The Problem of Canonical Tags
This one is quite similar to the previous point, except that here you have to identify the canonical tags that lead to 301 redirects. You want to know which canonical tags are coming in the way. The process is simple and again Screaming Frog comes to the rescue! After running a full site crawl, head to the Directives section. On the right scroll, you will find the title Canonical Link Element 1. This will give you the list that you are looking for.
The Pile of 301 Redirects
With time, every website tends to accumulate 301 redirects. Largely due to the time and effort spent in the day to day handling of the site, no one looks at cleaning up this slate. The pile stacks up. The problem is that each time any URL of your site is summoned by the browser, the entire list of redirects is checked, every single time! You can imagine how much time is spent in uploading your page through this method.

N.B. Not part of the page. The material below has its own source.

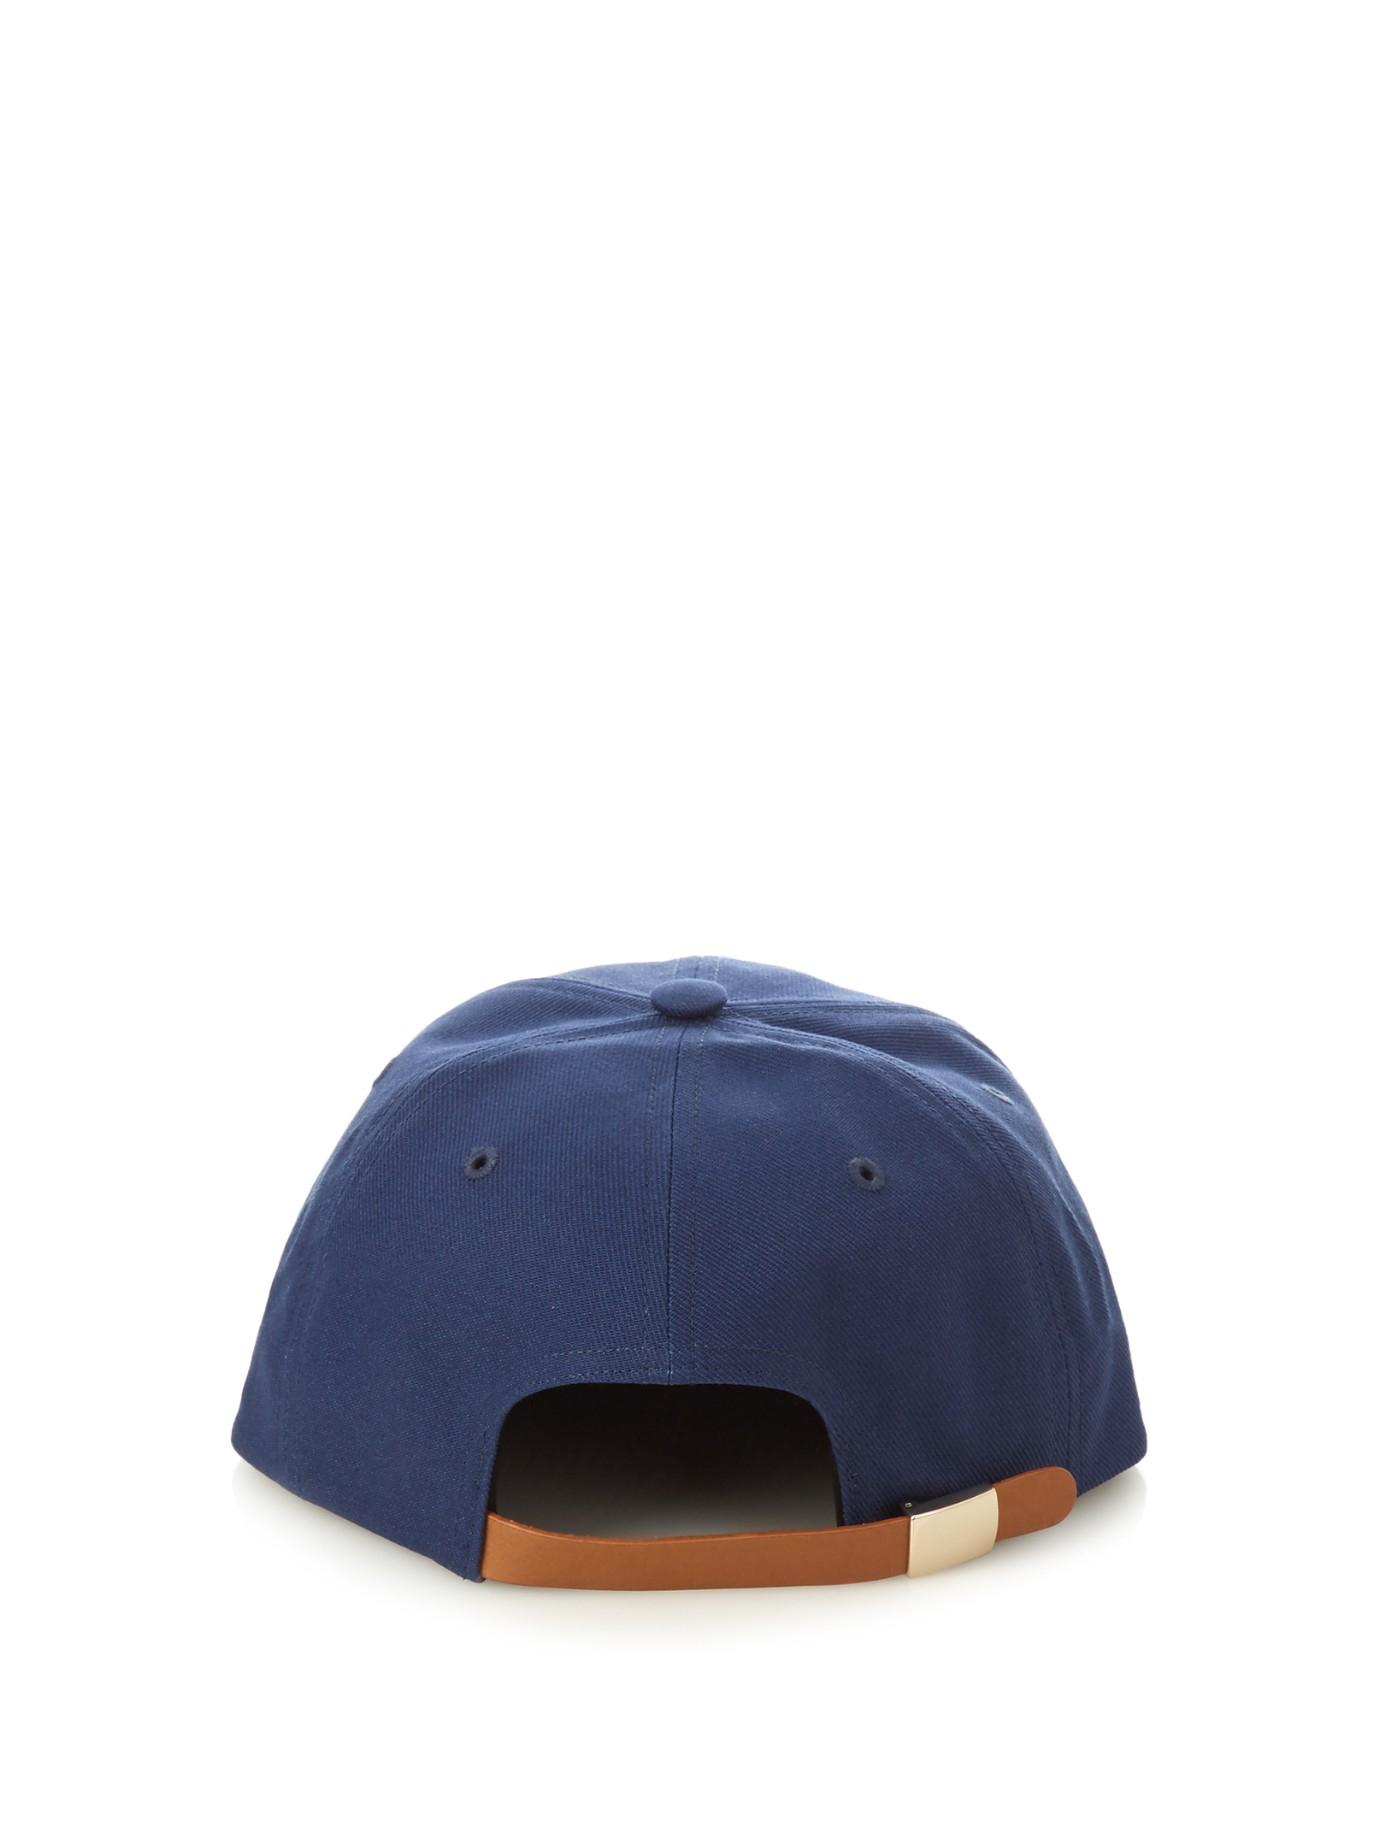 a54def1e072a2d Maison Kitsuné Logo-embroidered Baseball Cap in Blue for Men - Lyst
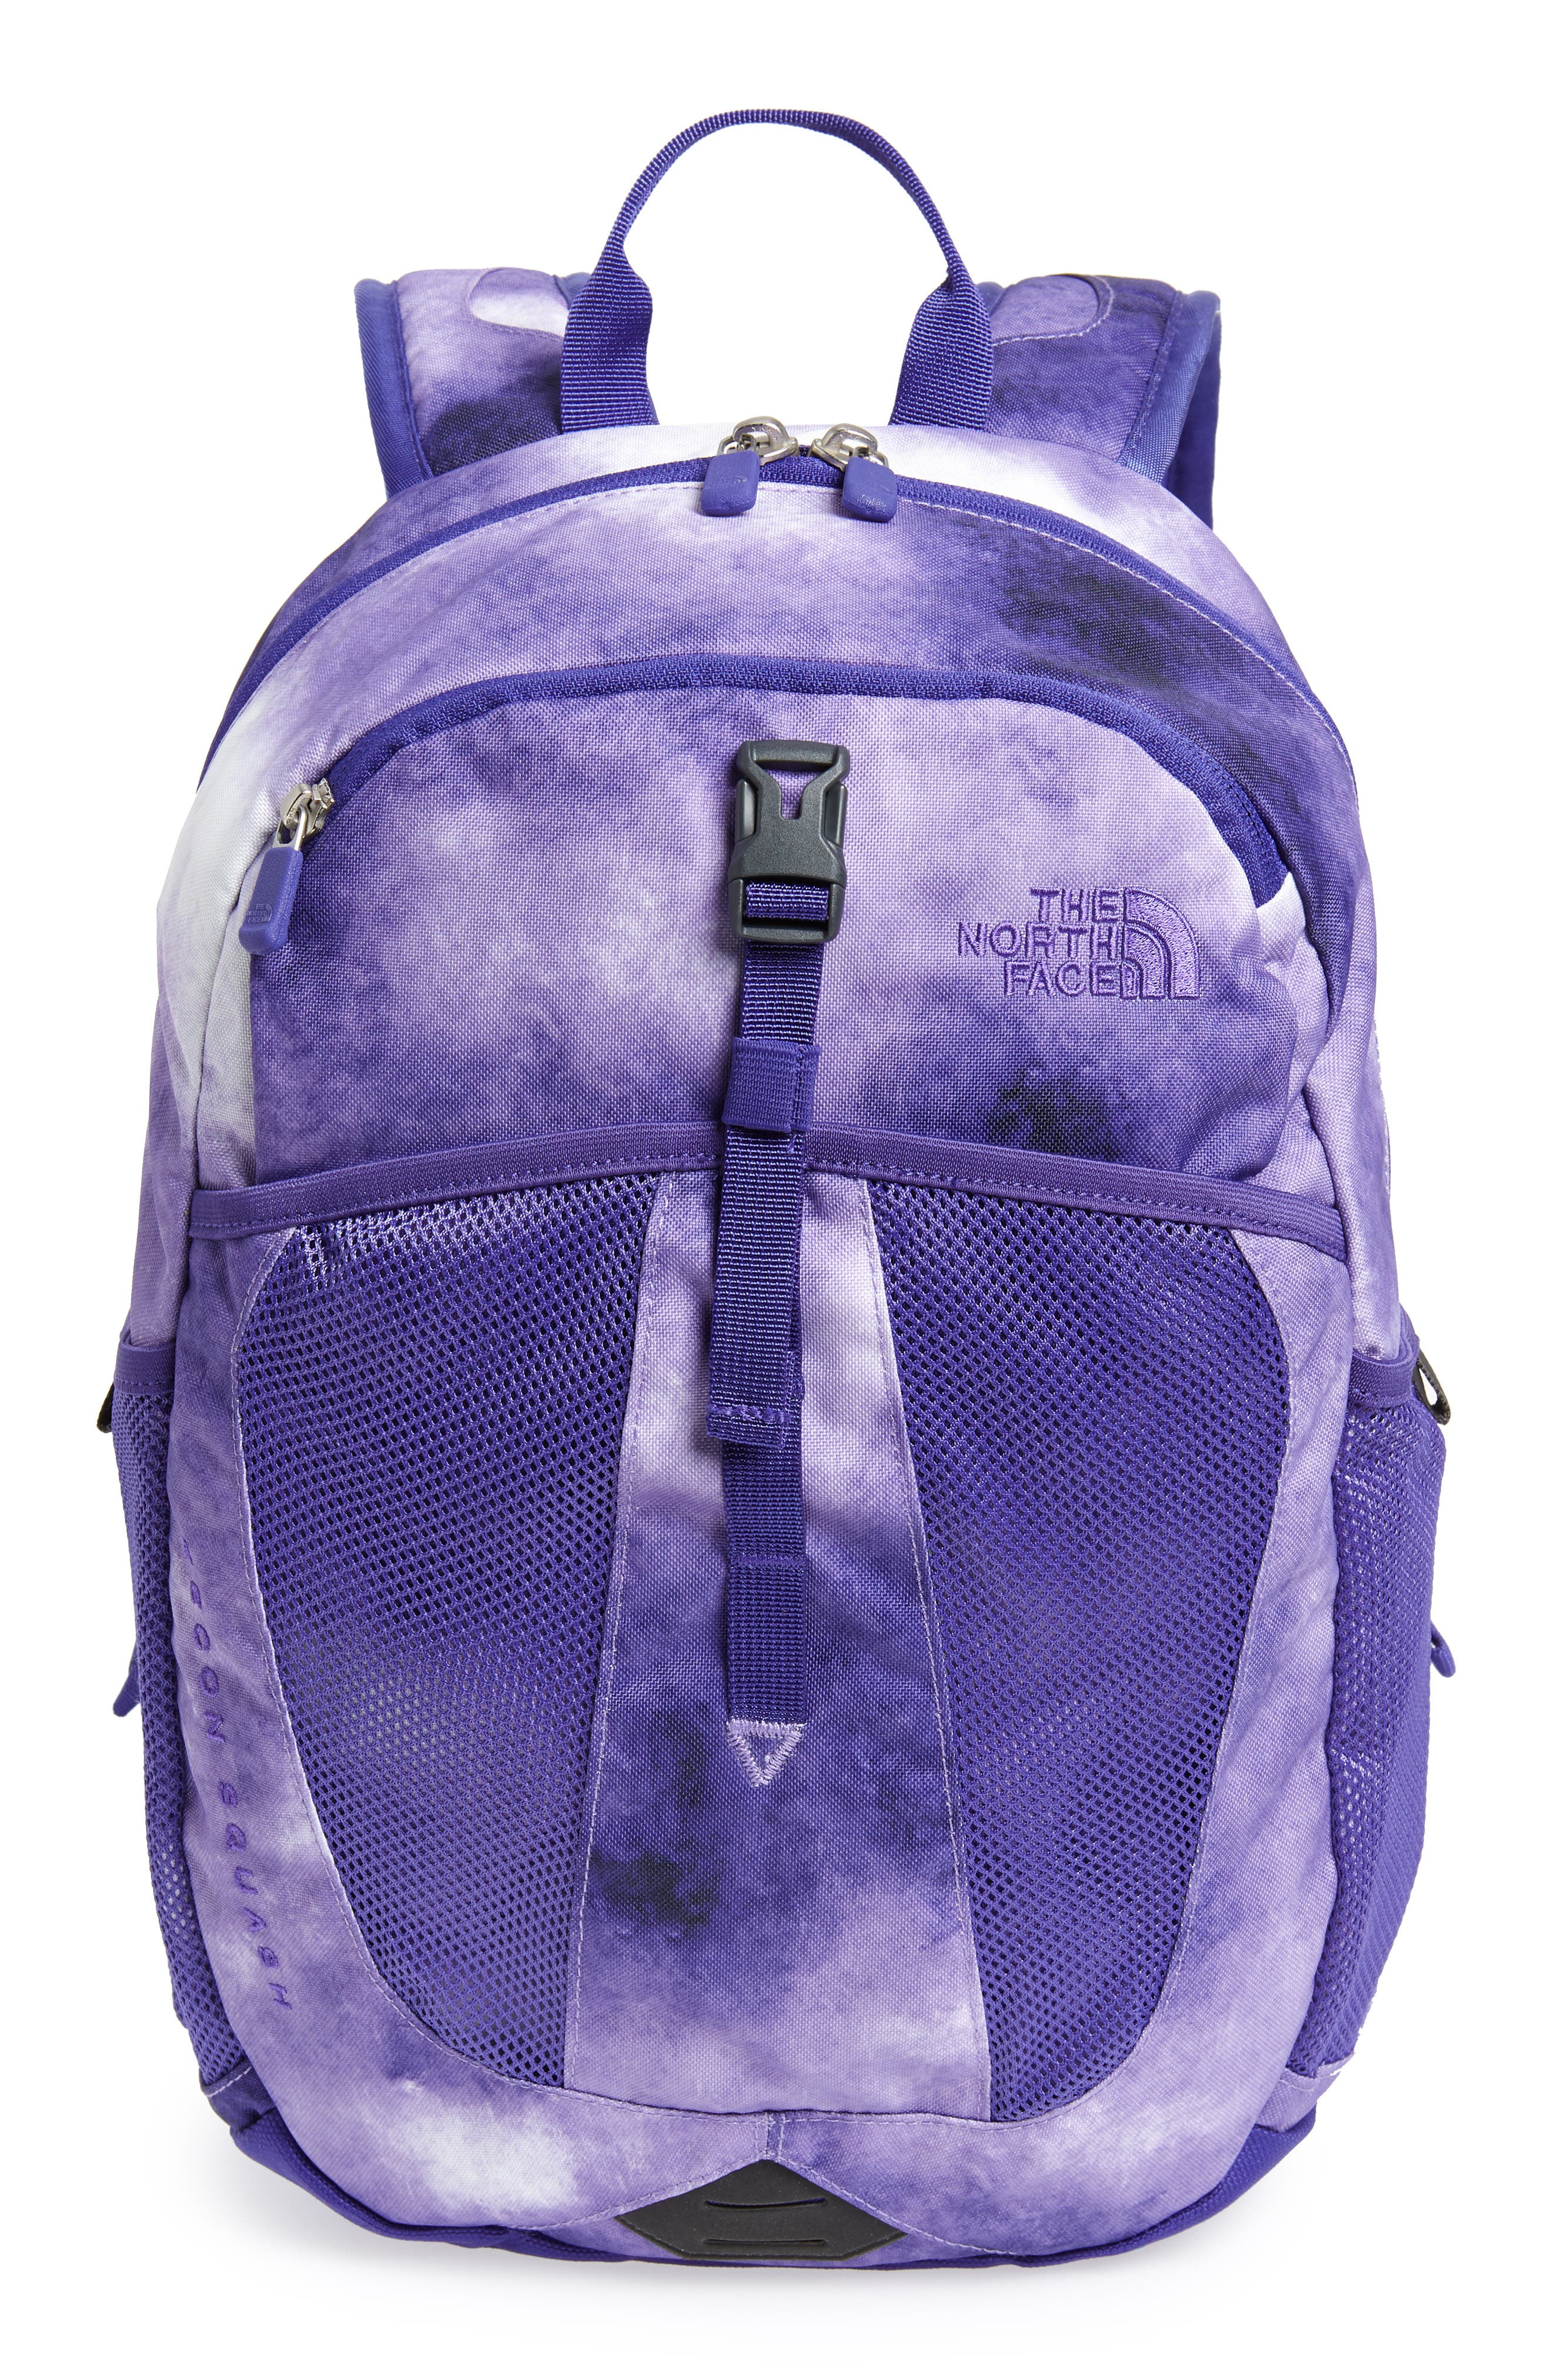 Recon Squash Backpack,                             Main thumbnail 1, color,                             501

There’s a good way to identify and remove these redundant tags that have accumulated over time. Use UTM tagging. With the help of UTM tags added to the 301 redirects, you can find out which of the redirects are active and which are lying dormant and unattended. The data will load up on Google Analytics and you can conduct a bi-annual cleaning of the unnecessary redirects.
There’s an easy way in which you can regain important links that have become dormant for whatever reason. And guess what? You can use 301 redirects to find them and bring them back! This is what you have to do.
A large website which has largely remained unchanged over the time will have important links buried under the debris. You can bring them back by using Open Site Explorer. Get the list of URL that are acting as targets. Use this list on Screaming Frog. If there are any errors showing on the Status Code column, you can use a 301 redirect to claim this integral link.
Please note, Permanent redirects are not bad for SEO if they are placed correctly and in relevance. But too many redirects increase server load. So you need to be careful. When you change any URL a 301 is a must for the old url.
Let me know how this works out for you!